### Collected material
════

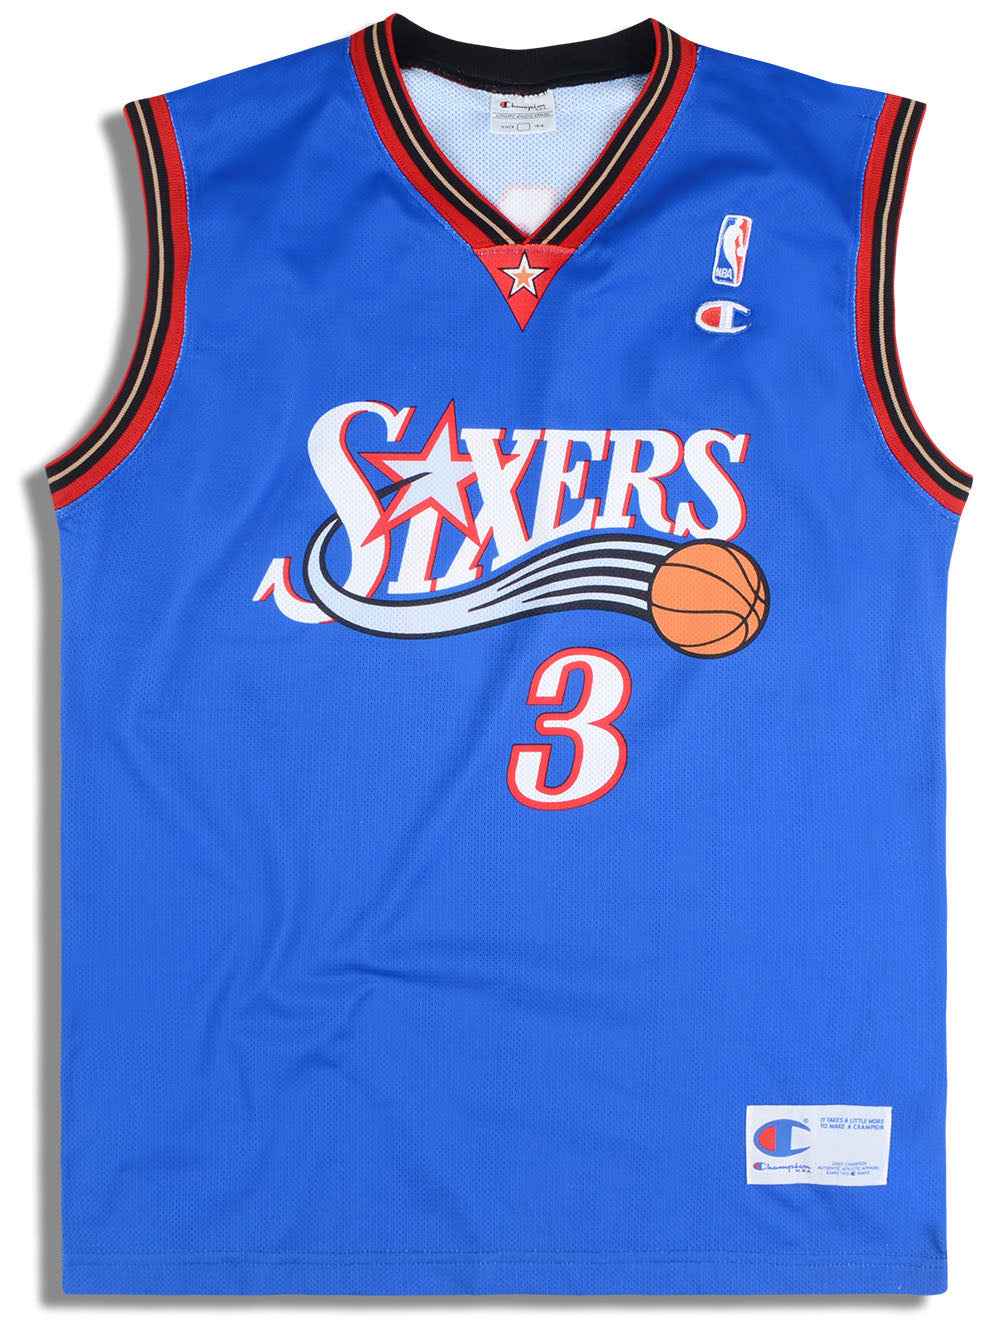 Sports / College Vintage Champion Philadelphia 76XERS Sixers Allen Iverson 3 Jersey Size 48 Late 1990s
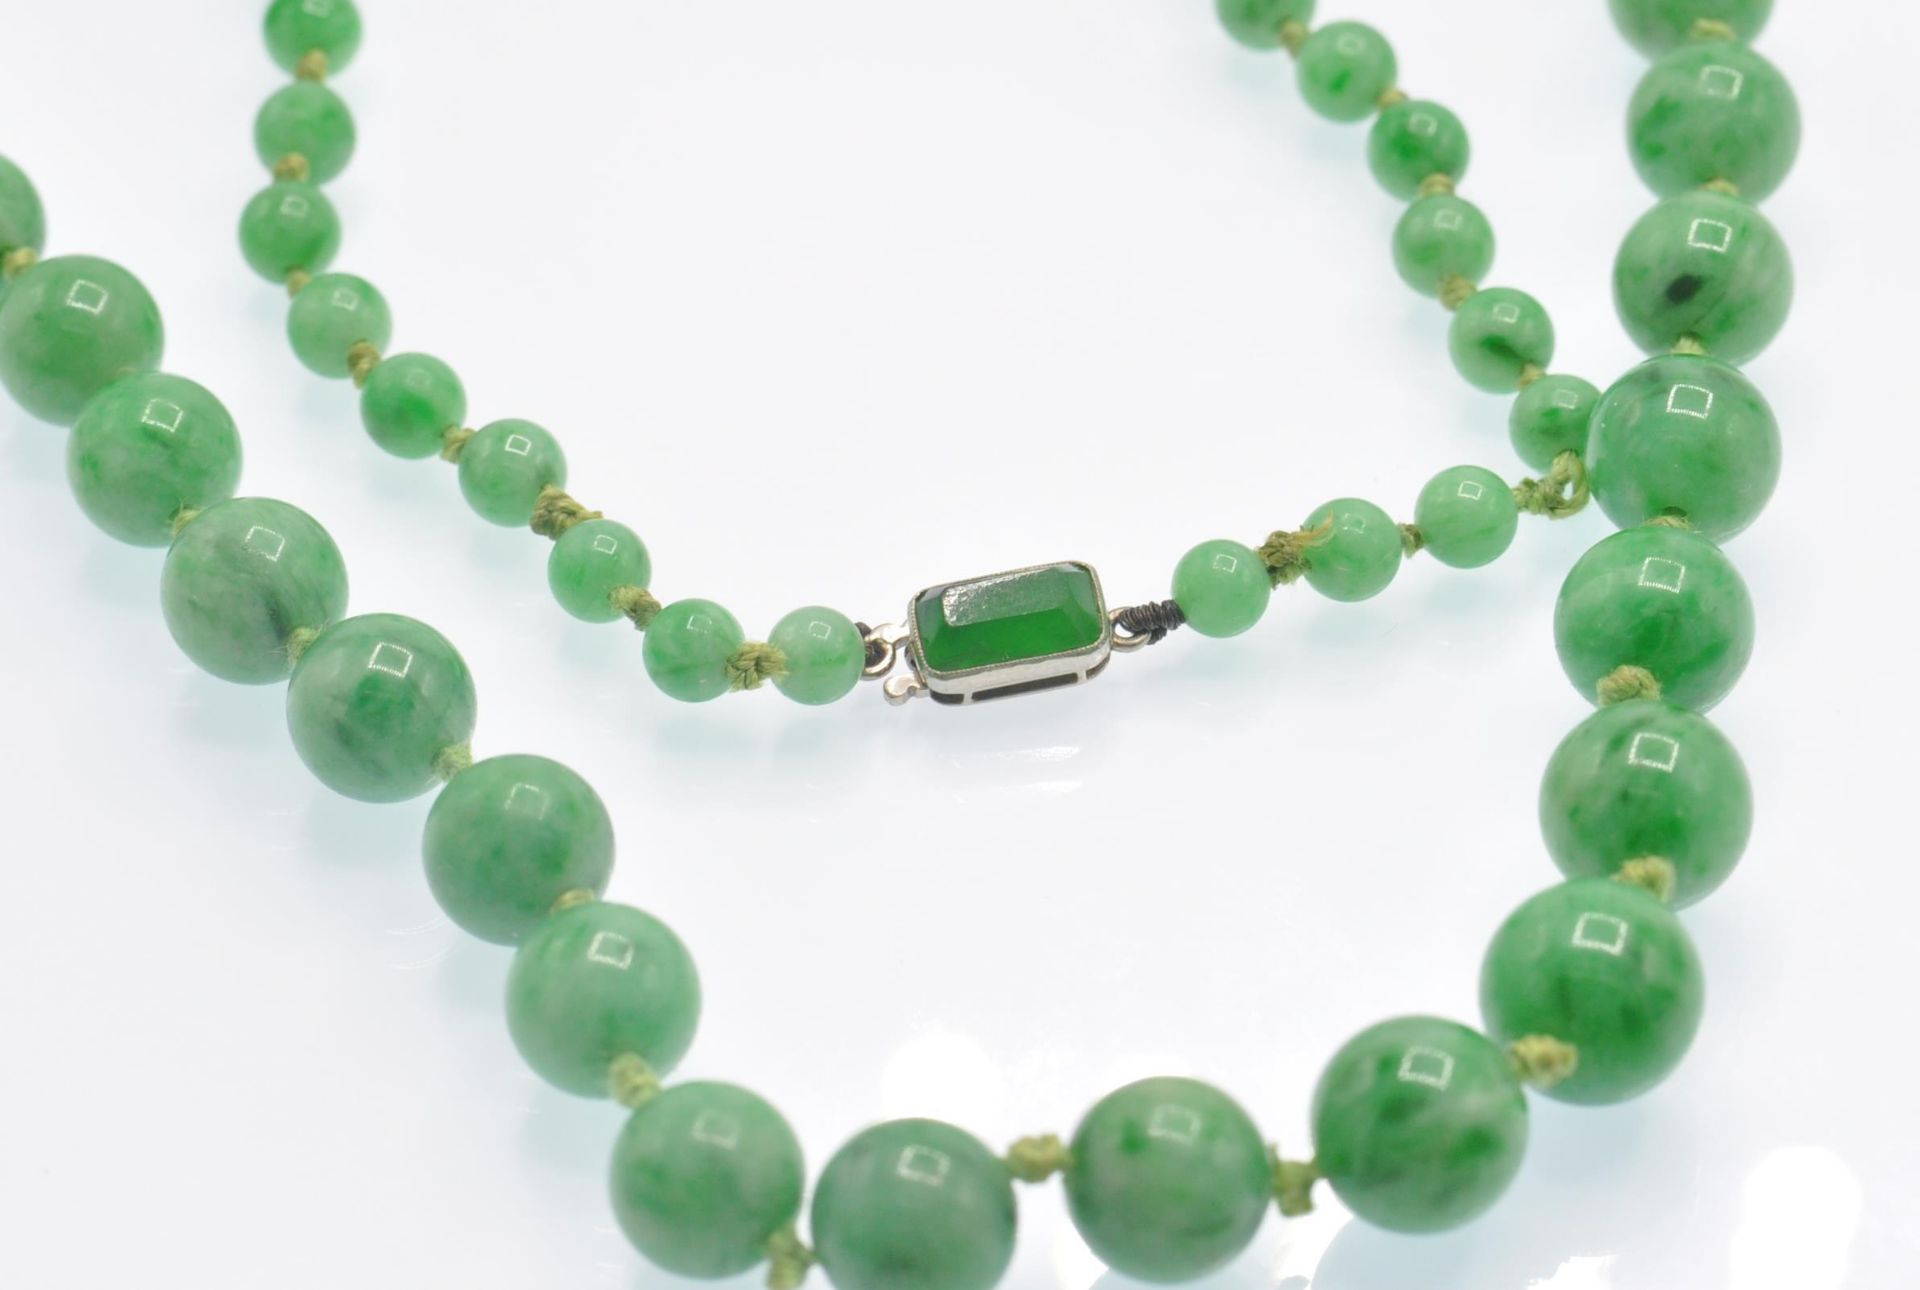 An Antique Jade Bead Necklace - Image 6 of 6
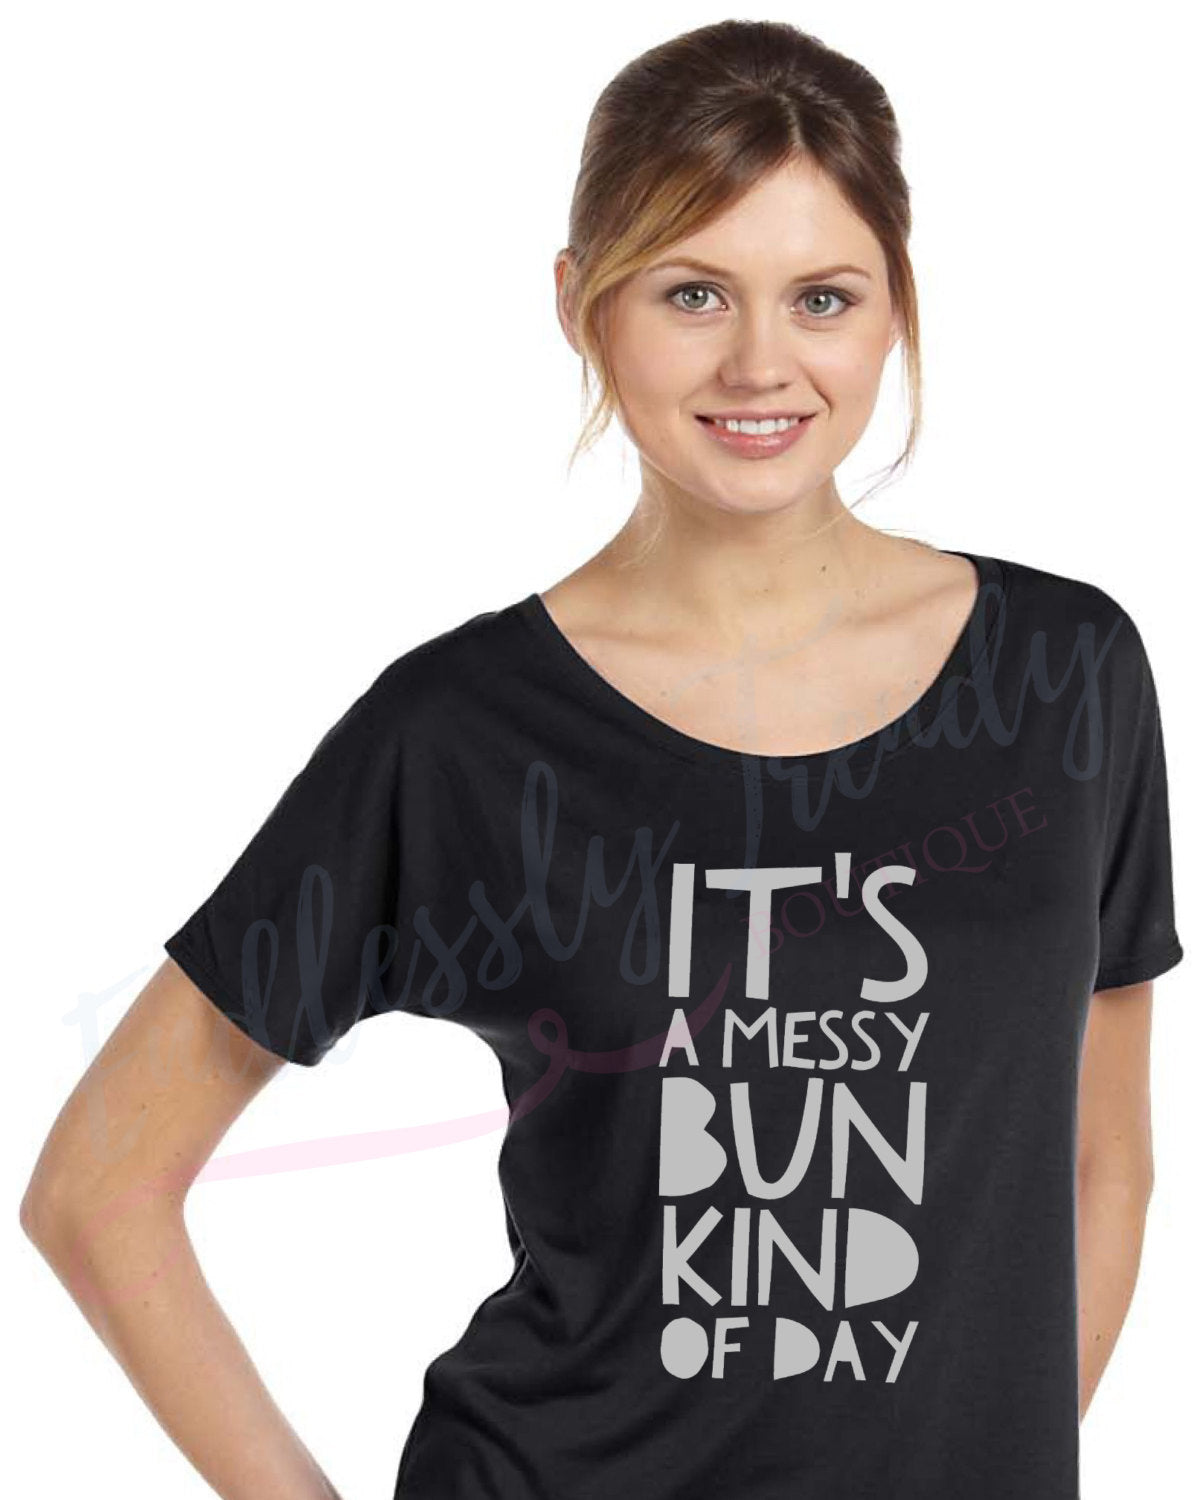 It's a Messy Bun Kind of Day Tee - - Endlessly Trendy Boutique

════

Repeat the listing exactly, pictures excluded.

 Sports / College Vintage Champion Philadelphia 76XERS Sixers Allen Iverson 3 Jersey Size 48 Late 1990s
 An Antique Jade Bead Necklace - Image 6 of 6
 It's a Messy Bun Kind of Day Tee - - Endlessly Trendy Boutique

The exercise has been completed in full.